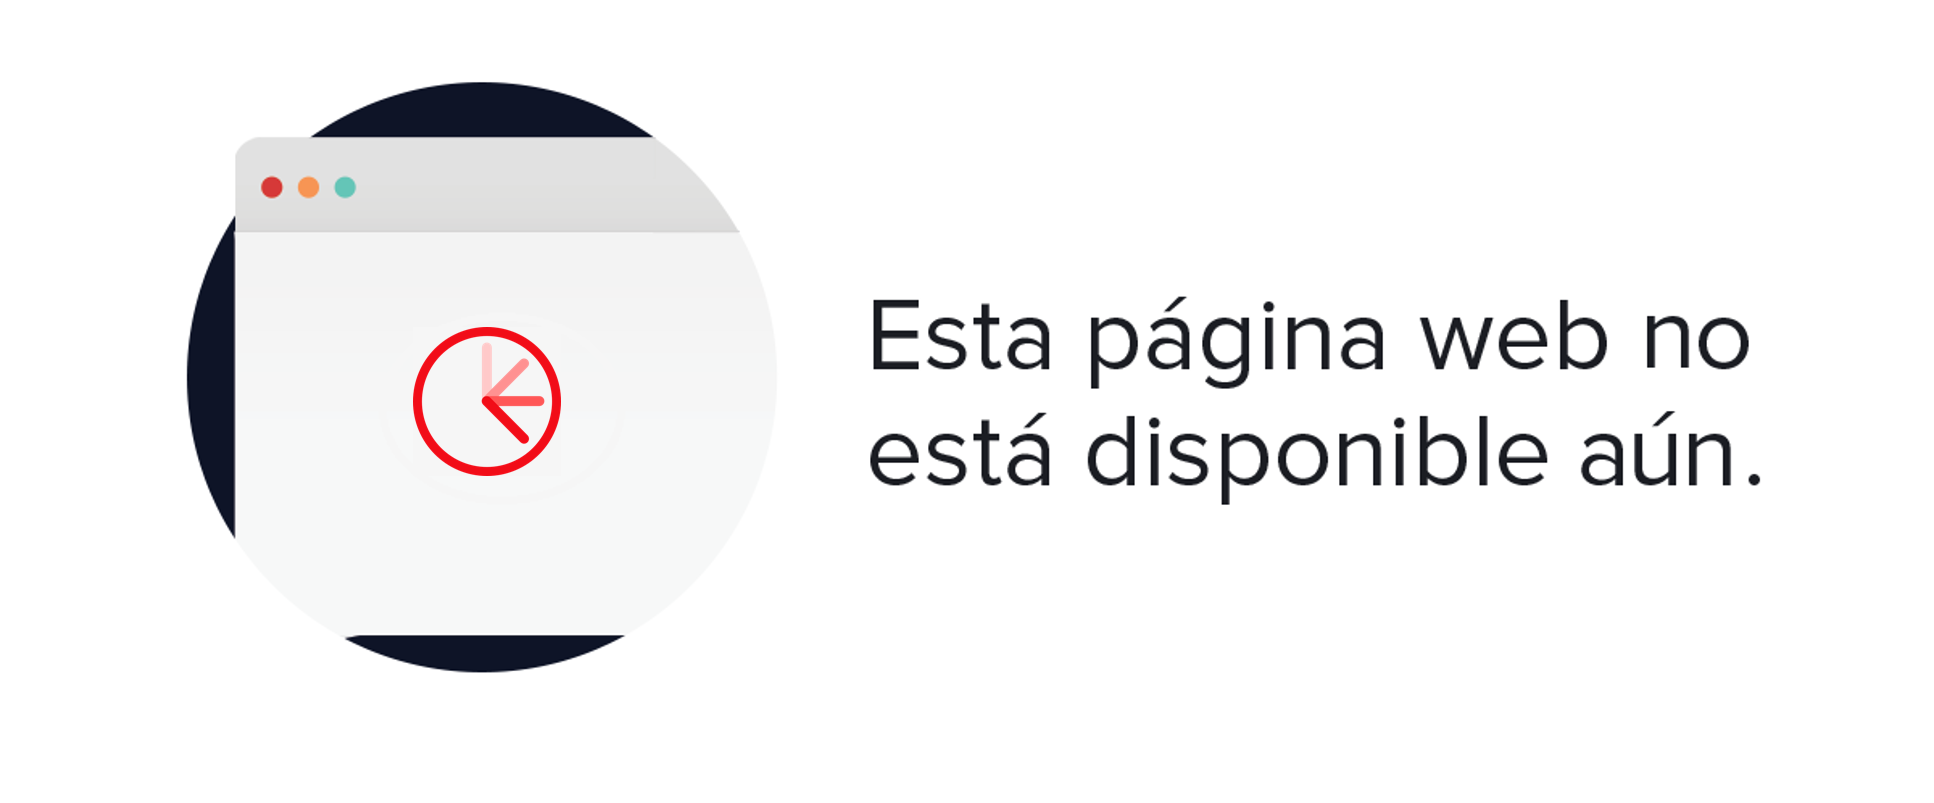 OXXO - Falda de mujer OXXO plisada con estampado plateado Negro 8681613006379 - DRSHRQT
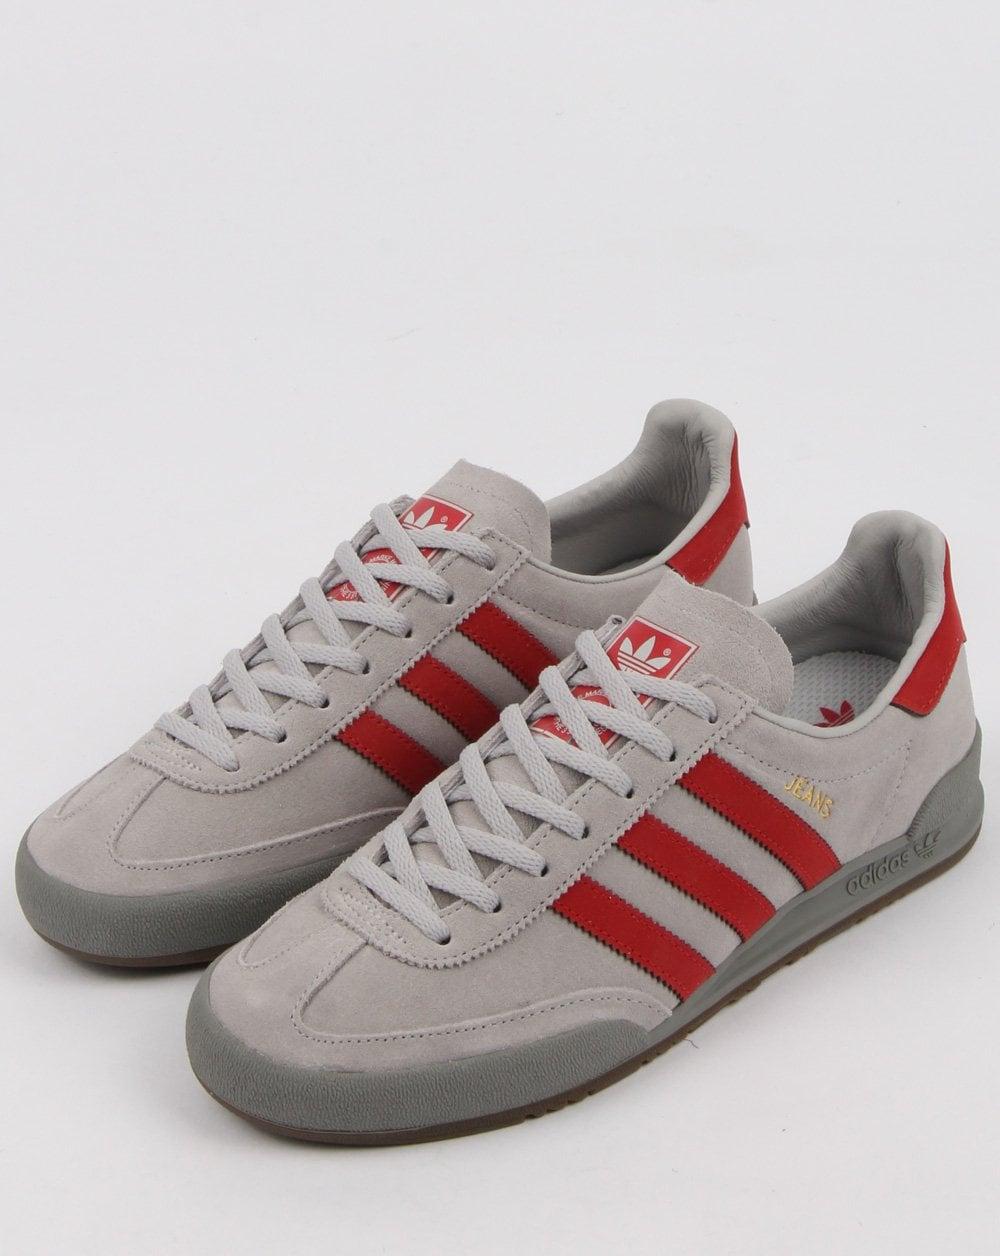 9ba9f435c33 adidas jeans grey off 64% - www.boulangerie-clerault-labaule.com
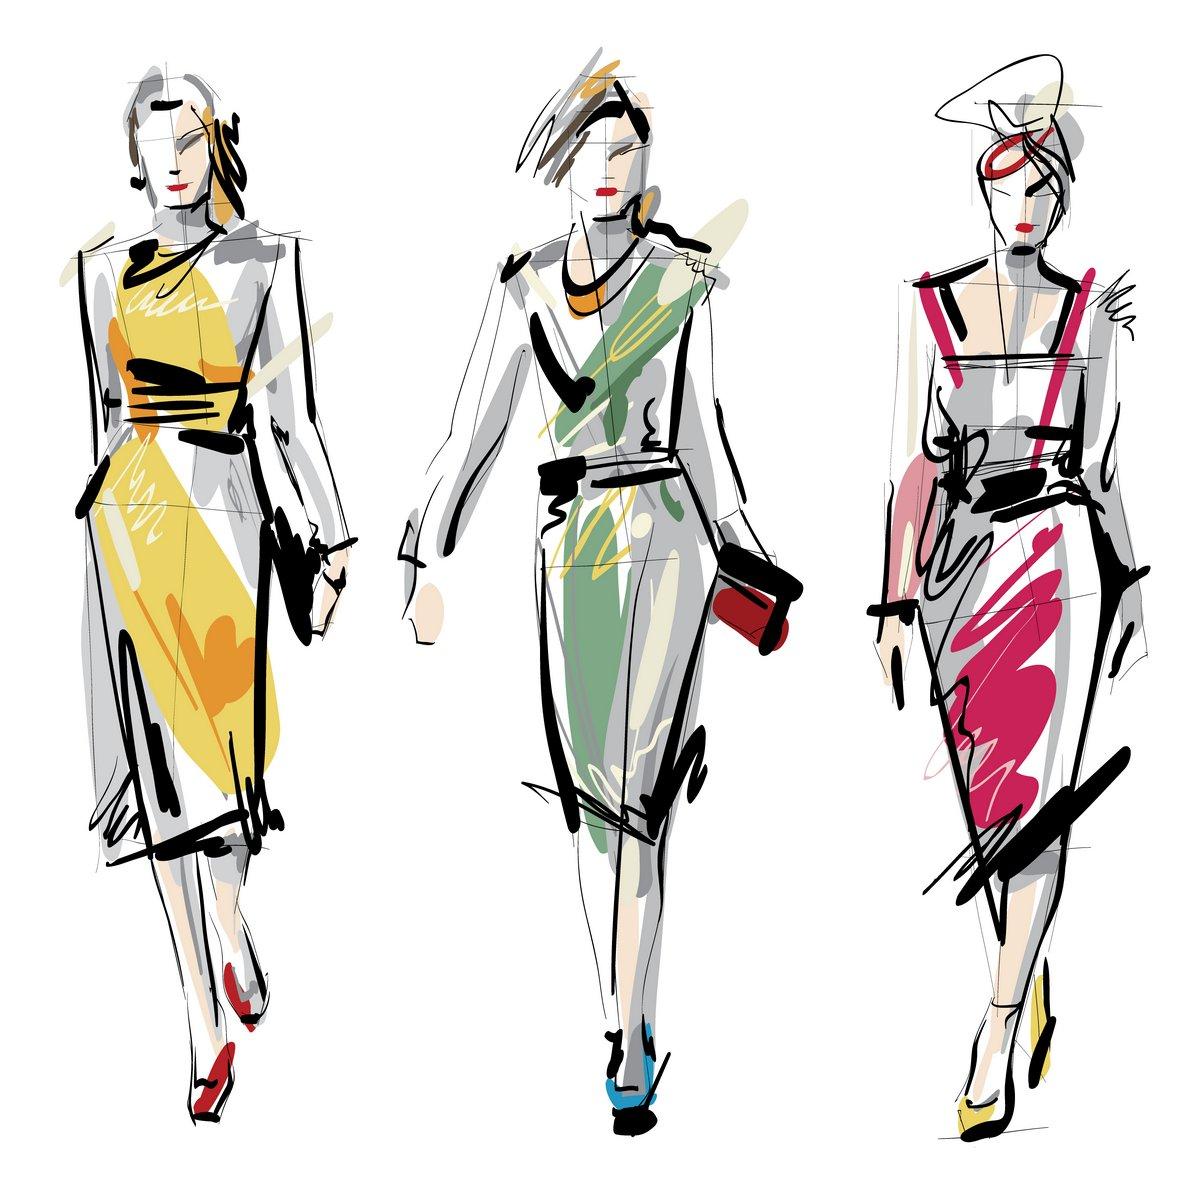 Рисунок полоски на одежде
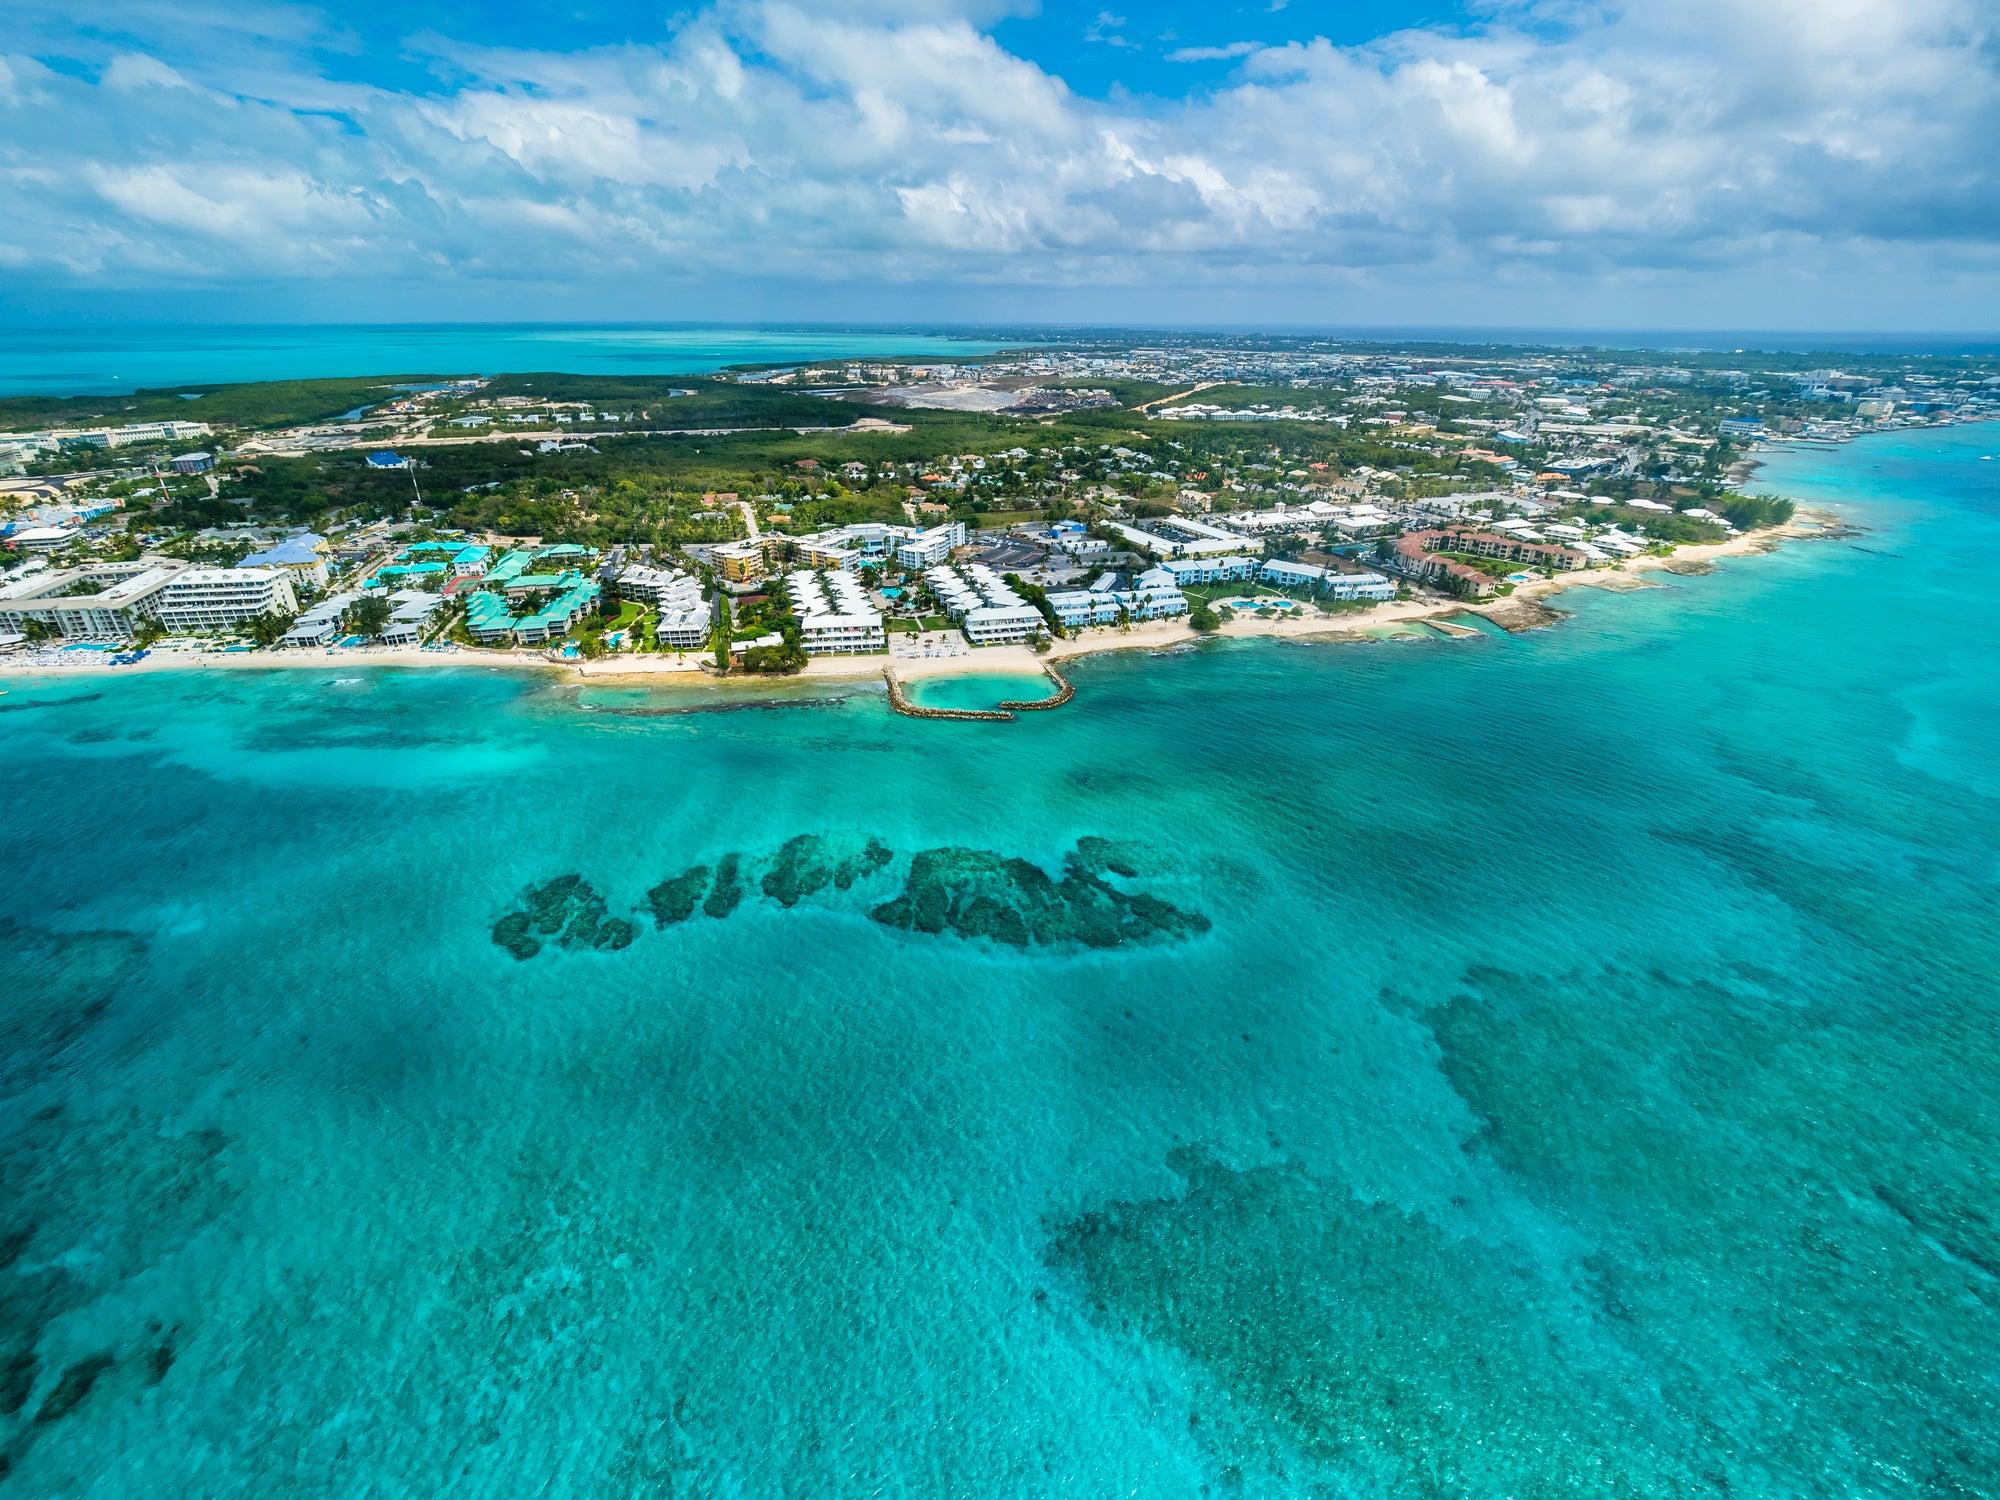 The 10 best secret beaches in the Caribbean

- YOUR GOAL -
Go through the listing above and quote it exactly, apart from its images.

- ANSWER TO THIS EXERCISE -
 OXXO - Falda de mujer OXXO plisada con estampado plateado Negro 8681613006379 - DRSHRQT
 9ba9f435c33 adidas jeans grey off 64% - www.boulangerie-clerault-labaule.com
 Рисунок полоски на одежде
 The 10 best secret beaches in the Caribbean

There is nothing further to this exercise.